Wednesday, May 31, 2006

Le Bernardin

I had my first experience with New York City haute cuisine this past weekend when John, another friend of this blog, joined me for lunch at Le Bernardin (his favorite restaurant -- and he is not alone). Bernardin specializes in seafood -- it's almost considered a crime to order anything else -- and we largely stuck to the theme. For my first course, I ordered a dish of raw wild salmon marinated in olive oil, lemon, and grapefruit juice, which I found exquisite and briskly refreshing. If anything, the tangy marinade slightly overwhelmed the taste of the salmon and could have been toned down slightly, but this was a very small concern -- the dish was terrific. John had layers of thinly pounded raw yellowfin tuna arrayed over thinly spread foie gras, and the rich taste of the tuna coupled with the even richer foie gras was a fabulous combination. These are not tastes that one is used to experiencing together, but they worked marvelously.

My main course was broiled scallops in a Bouillabaisse with clams, mussels, and vegetables. The scallops were done perfectly -- tender and delicious, and not overly "fishy" as lesser-quality scallops can tend to be -- and were complemented wonderfully by the excellent (though unspectacular) Bouillabaisse. John opted to order two additional first courses in lieu of a main course, and chose a sea urchin (uni) custard, served warm, and a foie gras terrine. (As readers of this blog are undoubtedly aware, foie gras will soon be illegal in the city of Chicago, and so native Chicagoans such as John are doing their best to consume as much as possible before then.) These two dishes were almost heart-stoppingly rich, and utterly fantastic. Probably like many other sushi eaters I'm used to uni being served cold, so the warm custard was an interesting and effective variation. The foie gras, not surprisingly, was decadent enough to die for, and -- if one were to consume enough -- that would probably be the outcome.

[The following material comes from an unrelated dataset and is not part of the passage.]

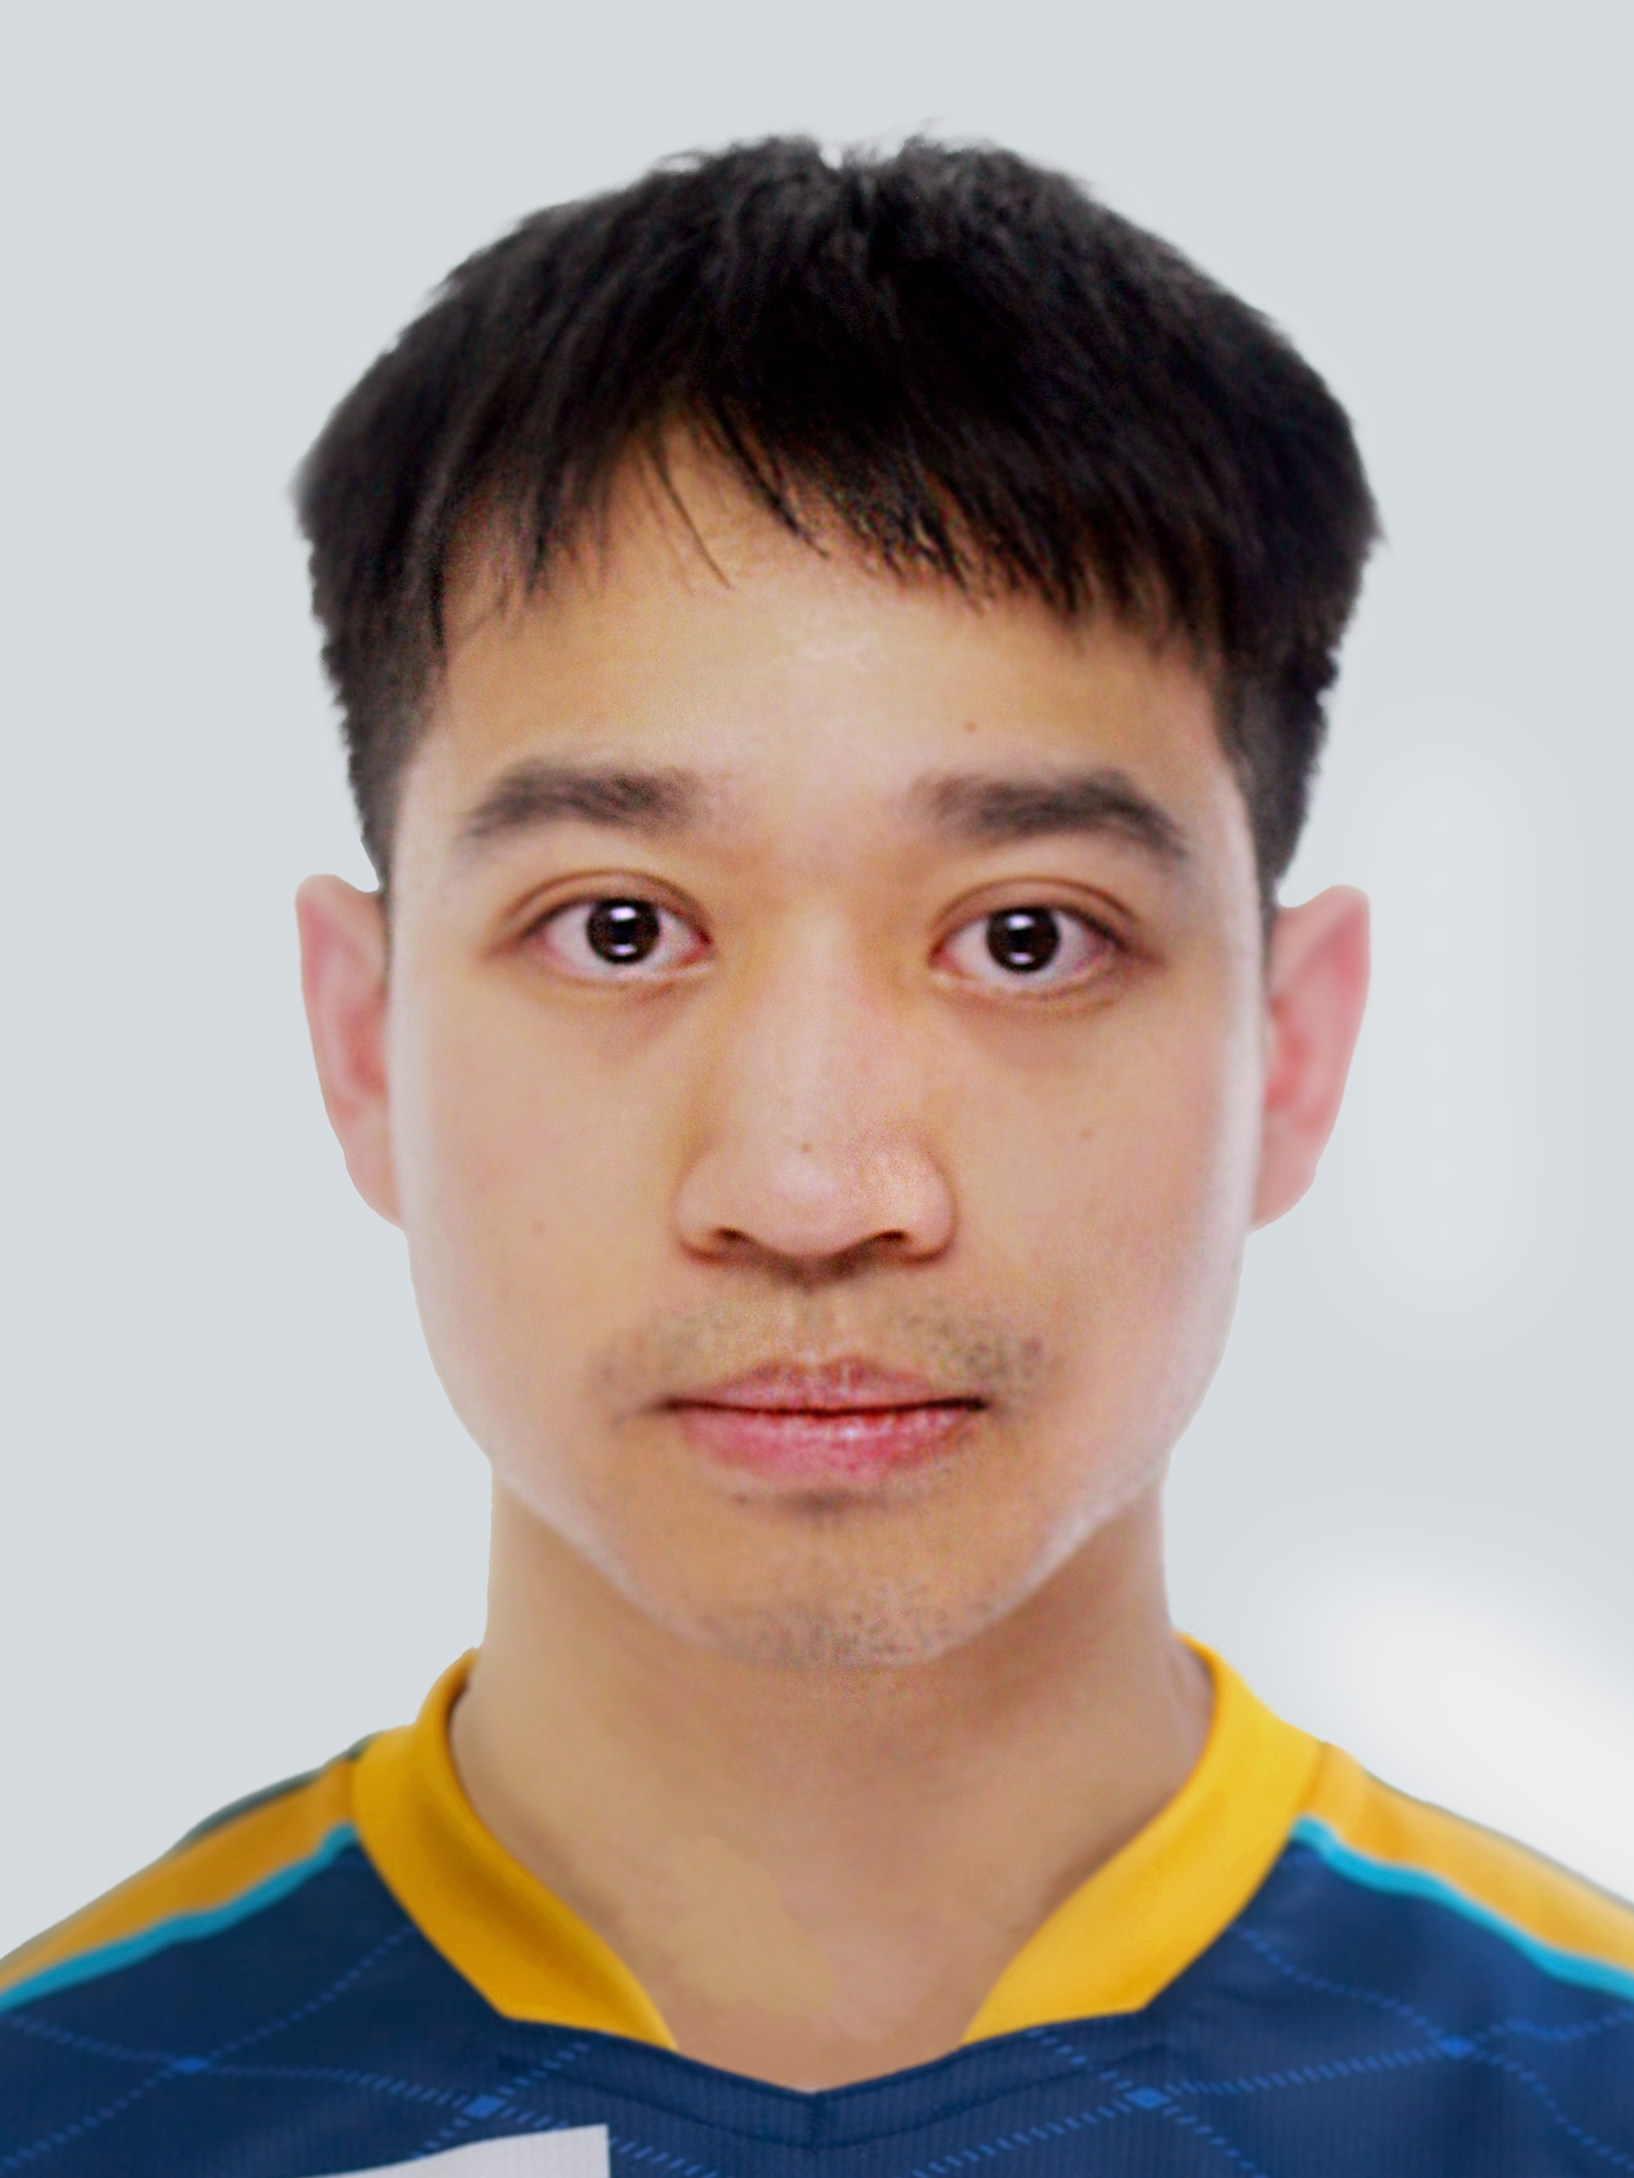 liao-profile-0801.png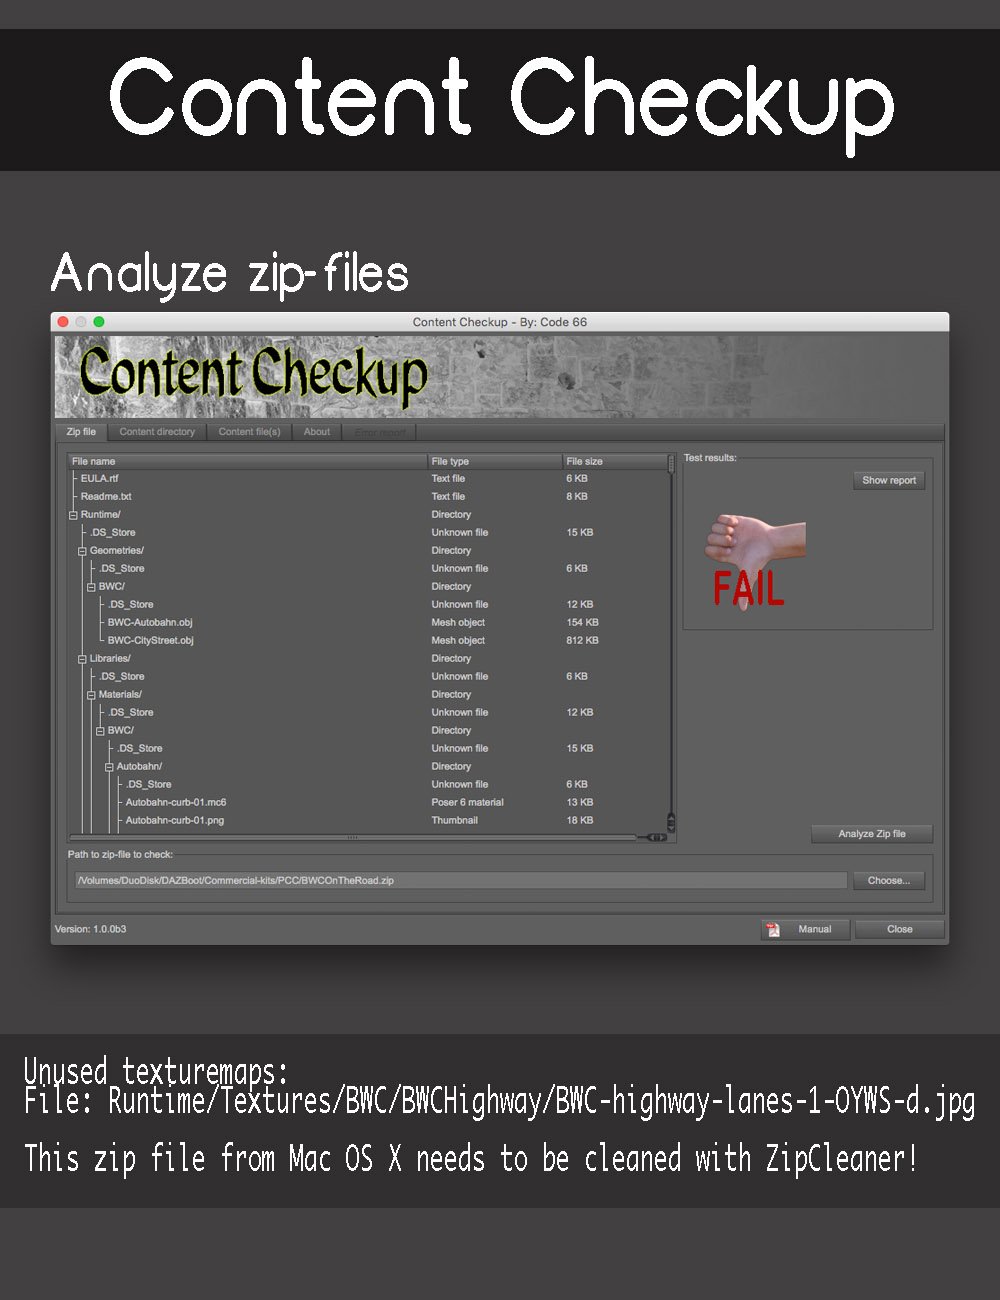 Content Checkup by: Code 66, 3D Models by Daz 3D

For dessert I ordered a chocolate-cashew tart accompanied by various sauces and reductions (caramel, banana, red wine) that was perhaps even more amazing than anything I had eaten to that point. The tart was extremely delicate and yet, needless to say, very rich, and not overly sweet. In fact, it so overwhelmed my taste buds (and my memory) that I have essentially no recollection of what John ordered, despite the fact that I tasted it. We also each ordered a glass of Chardonnay that was quite good but the name of which, unfortunately, I also cannot remember.

The food at Le Bernardin was, on the whole, magnificent, but the service also bears serious mention. Le Bernardin's service is the best that I have ever experienced, though not in the typical manner that one might expect. It wasn't "spectacular" or "flashy" in any sense; there wasn't any coordinated motion or trickery or flamboyant presentation. It was just perfectly timed and refreshingly informal; the waiters seemed relaxed and appeared to be enjoying themselves, the restaurant was accommodating of unorthodox requests (such as John's three first courses), and no one there seemed hung up on what a wonderful restaurant it was. I even appreciated the fact that the waiters (all of whom were genuinely French) wrote our orders down in small notebooks. There was no need to impress us with their incredible memories; they just wanted to get the orders right and deliver them promptly. And needless to say, whenever my water glass neared the point of being empty someone would magically appear and fill it, and whenever I had picked up the last remaining morsel of bread someone would arrive and offer me another piece. In typical French fashion, Le Bernardin also did not bring us the check until we asked for it, a nice change from typically time-crunched American dining. Le Bernardin's reputation as one of the best restaurants in New York is, in my opinion, well-deserved, and at the extremely reasonable price of $51 for a three-course lunch it was very much worth the trip.